The larger peptide of interest mentioned, m/z approximately 1905.97 (Fig. 4) was found to have an AWM m/z of 1905.981, as calculated from all spectra using a single linkage distance of 0.05 m/z units.[32]

  • 6.7The AWM m/z values for peaks of interest can now be matched to LC/MS/MS data generated from a tryptic digest of an adjacent section of cancer tissue.
Figure 4.

flexImaging main screen showing the monoisotopic peak selected using a ±0.5 Da width mass filter in the sum spectrum (red outline) as well as an overlay of the H&E stain and ion intensity map produced by the mass filter (a). H&E stain as well as ion intensity maps for two cancer-specific masses (approx. m/z 1628.75 and 1905.97)[32] are shown in (b), (c) and (d), respectively. Ion intensity scales are included. Scale bars are 2 mm (formatting in MS PowerPoint & InkScape).


  • NB: This protocol utilizes laser-capture micro-dissection (LCM) and in-solution treatment of FFPE material (based on methods described in Gustafsson et al.[32]).
  • NB: The following methods refer to the use of an ultrafleXtreme MALDI-TOF/TOF MS instrument as well as the proprietary software required for this instrument.
  • 7.1For LCM, sections of the same FFPE tissue block must be water bath mounted onto PEN membrane slides (MicroDissect, Herborn, Germany).
  • Briefly, FFPE LCM uses a laser system to cut through a polymer membrane the tissue section is mounted on. The free polymer-tissue piece is then collected into a micro-centrifuge tube for further processing.
  • Our laboratory uses a Leica AS LCM (Leica Instruments, Wetzlar, Germany) microscope maintained by a collaborating facility (Adelaide Microscopy, Adelaide, South Australia).
  • 7.2Dry the water bath mounted sections overnight at room temperature.
  • 7.3Heat the PEN membrane slide(s) at 60 °C for 5 min (heating block).
  • 7.4Remove paraffin using a quick 90-s dip in xylene followed by a 60-s wash in 100% EtOH.
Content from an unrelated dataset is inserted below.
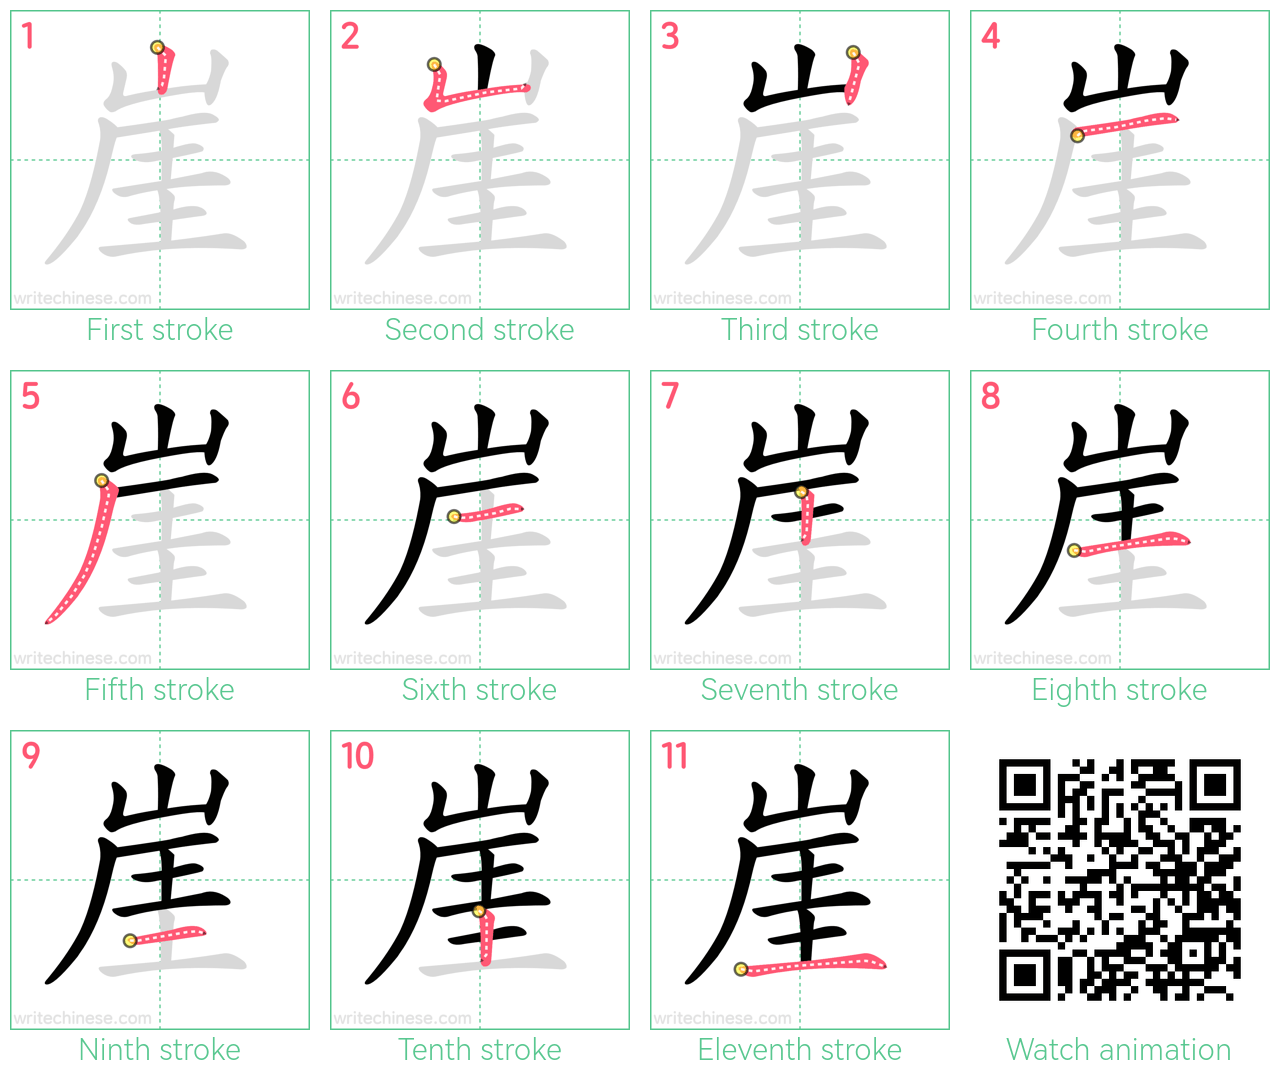 崖 step-by-step stroke order diagrams

  • Avoid longer incubations in xylene as the polymer membrane on the PEN slide will start to degrade.
  • No polymer contamination, attributable to the membrane, has been observed using the protocols described here.
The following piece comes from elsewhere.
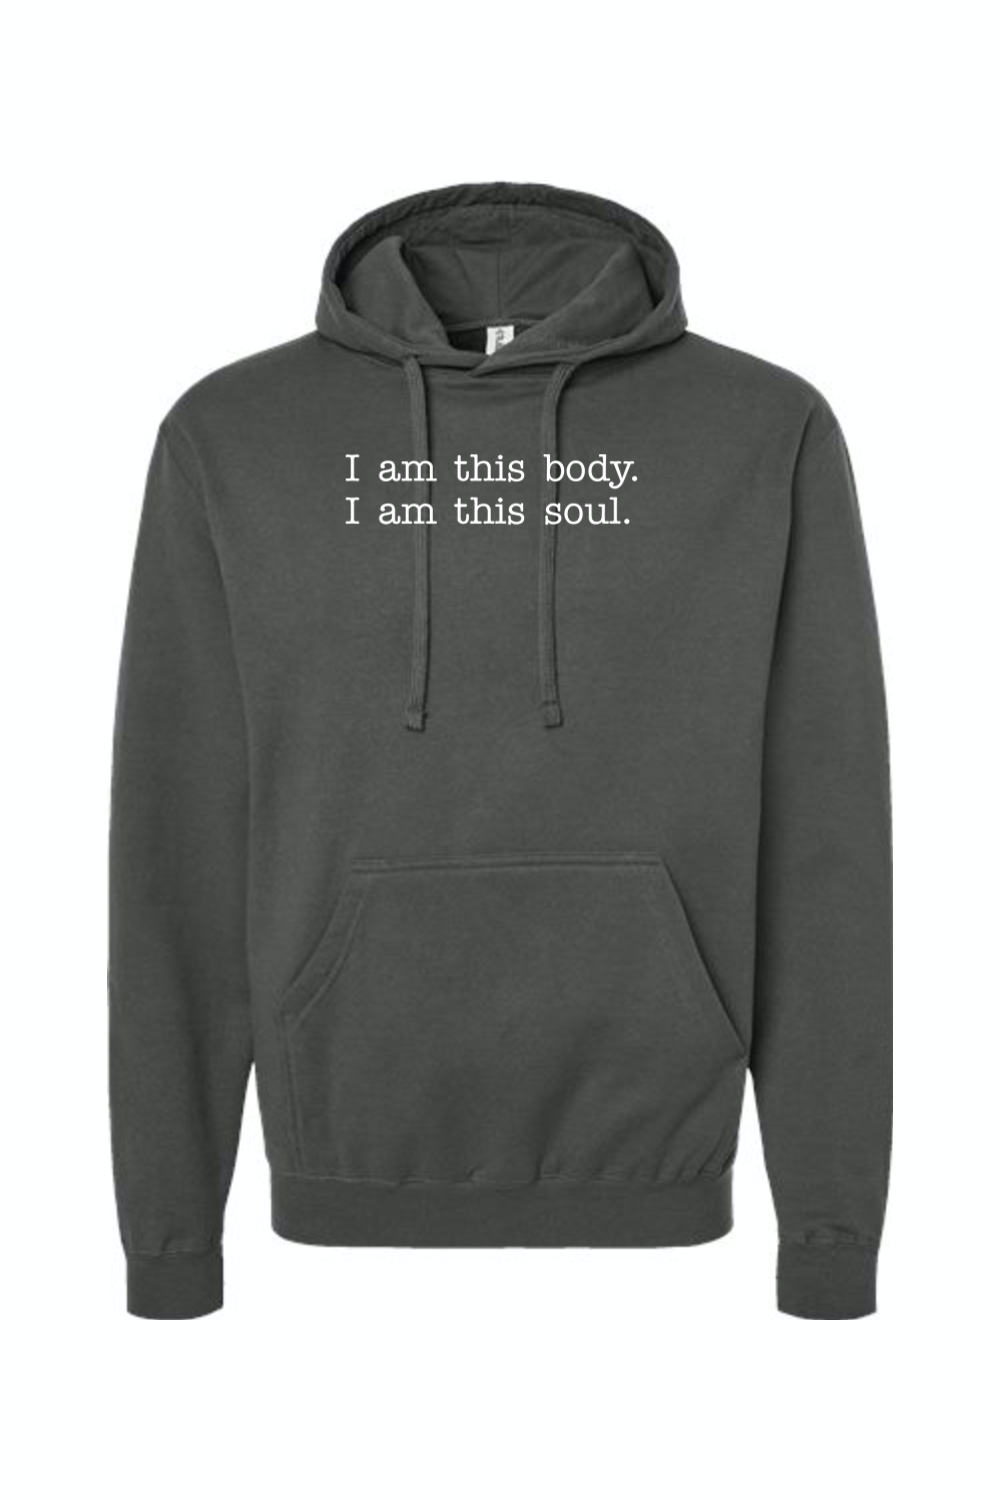 Body/Soul Composite - Human Integrity Hoodie Sweatshirt

  • 7.5Prepare a solution of 10 mM citric acid monohydrate at pH 6 (see section 2.2.1).
  • 7.6Pipette a small volume of the citric acid solution into the cap of a centrifuge tube suitable for the model of LCM microscope being used.
  • 7.7Load the prepared tubes and slides into the LCM instrument.
  • 7.8Perform LCM and ensure that the pieces have been collected into the cap of the tube.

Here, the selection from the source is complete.